I have been shooting 1911's off and on for 40 years, and to be honest I have never had many problems with them. I current own Four, a SA, Sig, STI, and since last Friday, a SS ultra Carry II. The first three have been almost flawless, but I had a problem with the Kimber on my first trip to the range today. I shot 150 rounds of WWB, and 25 rounds of Remington GS's. The problem was, if I loaded the mags [both standard Kimber] with 7 rounds the slide would not into battery on the first round, either by releasing the lock or by racking the slide. It would stop about 1/2 inch short and require a nudge to complete the cycle. Subsequent shots were fine. However if I loaded with five rounds, all was good. The pistol was well cleaned and lubed before shooting. The problem persisted through all 175 rounds. It appears to me that the mag springs are too strong, but what do you think?

Also I have on order two 7 round KimPro-Tac mags, but these were actually ordered for the STI Escort. Are these better than the standard mags, or did I just waste my money. Should I bite the bullet and get a couple of Wilson's?

BTW, the good news was that the GS's fed exactly like the FMJ's.


----------



## Josser (Dec 28, 2009)

Call Kimber, They may have to send you a new slide stop.


----------



## zhurdan (Mar 21, 2008)

First, take the Kimber supplied magazines and throw them into a deep deep lake. Then, buy yourself some quality magazines. Wilson Combat, Chip McCormick, take your pick. I've had nothing but trouble with the Kimber supplied magazines, but when I've used quality magazines, it runs like a Kenyan in the Olympics.

Magazines are the lifeblood of semi-automatic pistols. Therefore, they need to be the best part you put in the gun.


----------



## Josser (Dec 28, 2009)

zhurdan said:


> First, take the Kimber supplied magazines and throw them into a deep deep lake. Then, buy yourself some quality magazines. Wilson Combat, Chip McCormick, take your pick. I've had nothing but trouble with the Kimber supplied magazines, but when I've used quality magazines, it runs like a Kenyan in the Olympics.
> 
> Magazines are the lifeblood of semi-automatic pistols. Therefore, they need to be the best part you put in the gun.

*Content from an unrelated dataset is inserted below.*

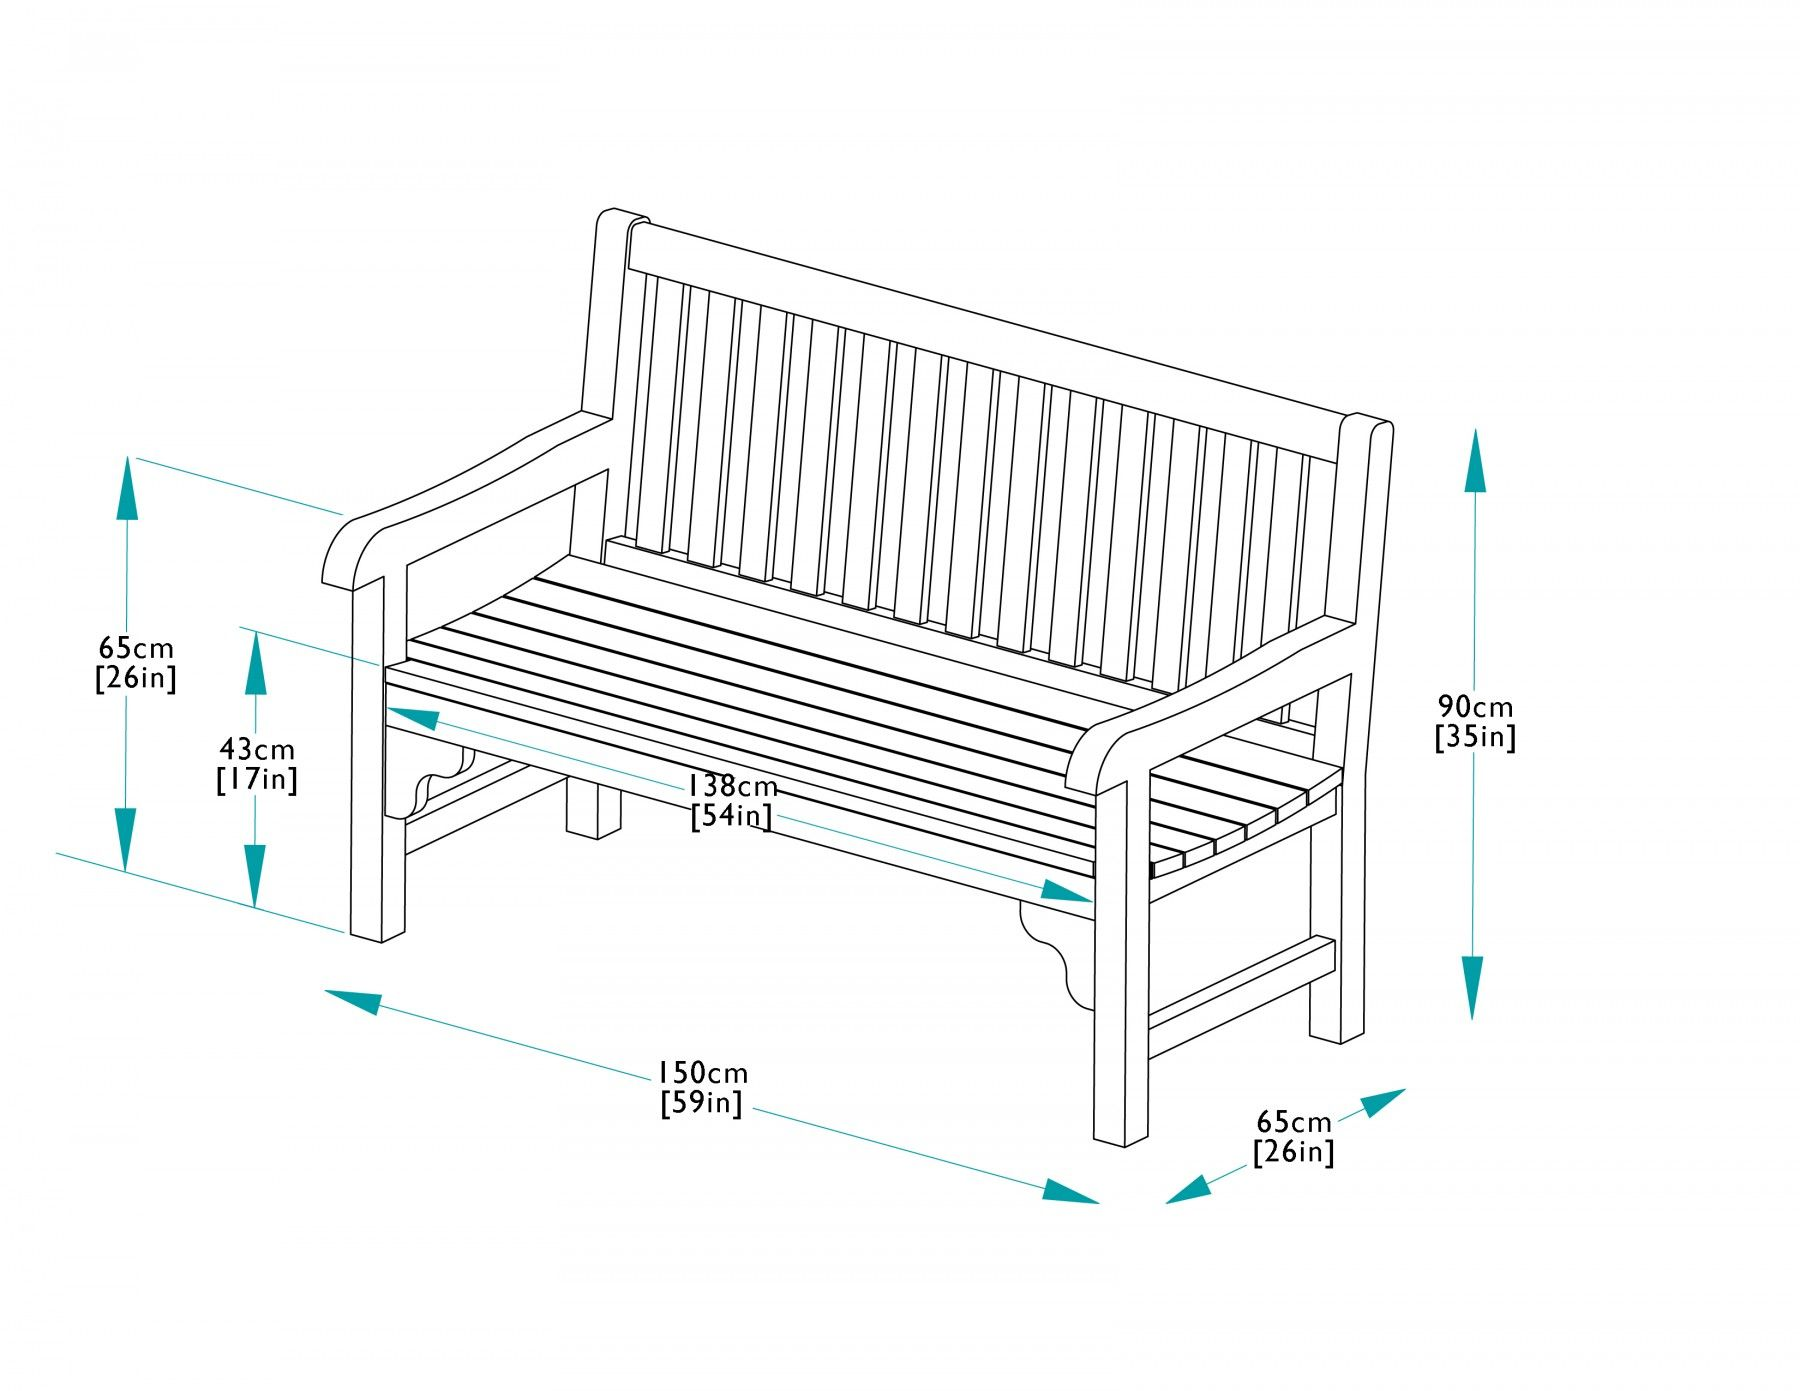 Park Bench Dimensions 150cm Teak Park Bench Bridgman Bench Cushions Indoor Patio Furniture Diy Furniture Plans

No problem at all with the Kimber mag that came with my Ultra SS Raptor or the two Kimpro mags I bought. Like I said Kimber had a problem with the slidestops on some of the Ultras. Also only run FMJ for the first 500 rounds per Kimber. I would call them on the problem. If anyone does not want their Kimber mags just send them to me instead of throwing them away.


----------



## tex70 (Apr 10, 2011)

I've got three Kimbers and they use whatever mags I feed 'em. Kimpros, McCormicks, Wilsons. Feed these Kimbers the recommened break-in rounds and you're GTG. Just my experience.


----------



## zhurdan (Mar 21, 2008)

tex70 said:


> I've got three Kimbers and they use whatever mags I feed 'em. Kimpros, McCormicks, Wilsons. Feed these Kimbers the recommened break-in rounds and you're GTG. Just my experience.





Josser said:


> No problem at all with the Kimber mag that came with my Ultra SS Raptor or the two Kimpro mags I bought. Like I said Kimber had a problem with the slidestops on some of the Ultras. Also only run FMJ for the first 500 rounds per Kimber. I would call them on the problem. If anyone does not want their Kimber mags just send them to me instead of throwing them away.


I should have pointed out that I'm not talking about plinking on the weekends. Anyone that's been around here a while knows that what I was talking about was _serious_ shooting. I've got over 8k rounds thru my Raptor Pro II. (Third Kimber, two were shot out to the point of needing replacement)

Magazines are the lifeblood of a semi-auto handgun. Without top quality magazines, it won't feed, and if it won't feed, it's a useless piece of metal. Kimber magazines aren't as thick as Wilson or McCormick magazines and their feed lips will fail. If it's got the anti tilt plastic follower, it will cause problems as the gun gets dirty. Their springs are shat compared to Wilson or McCormick as far as cycle life and strength. Overall, they are a far cry from quality magazines that see serious use.

If they are working fine, good for you, but I've gone thru enough of them to stop spending my money on them and instead, I buy McCormicks.


----------



## sig225 (Aug 30, 2010)

*Kimber Ultra*

I have a Kimber Ultra Raptor II on it's way...... :smt023 Even before my pistol arrives, I have already placed an order for 3 Wilson Combat magazines.


----------



## tex70 (Apr 10, 2011)

I use 8 round McCormicks in my Eclipse. Inexpensive and flawless feeds.


----------



## PAWPAUL (Jul 17, 2011)

zhurdan said:


> First, take the Kimber supplied magazines and throw them into a deep deep lake. Then, buy yourself some quality magazines. Wilson Combat, Chip McCormick, take your pick. I've had nothing but trouble with the Kimber supplied magazines, but when I've used quality magazines, it runs like a Kenyan in the Olympics.
> 
> Magazines are the lifeblood of semi-automatic pistols. Therefore, they need to be the best part you put in the gun.


I like what your saying above ....... I bought two Wilson Combat S.S mags for my Ulrta CDP II 9 m.m and haven't used them yet ;
heck - I assumed the one that came with the gun would be the best !?


----------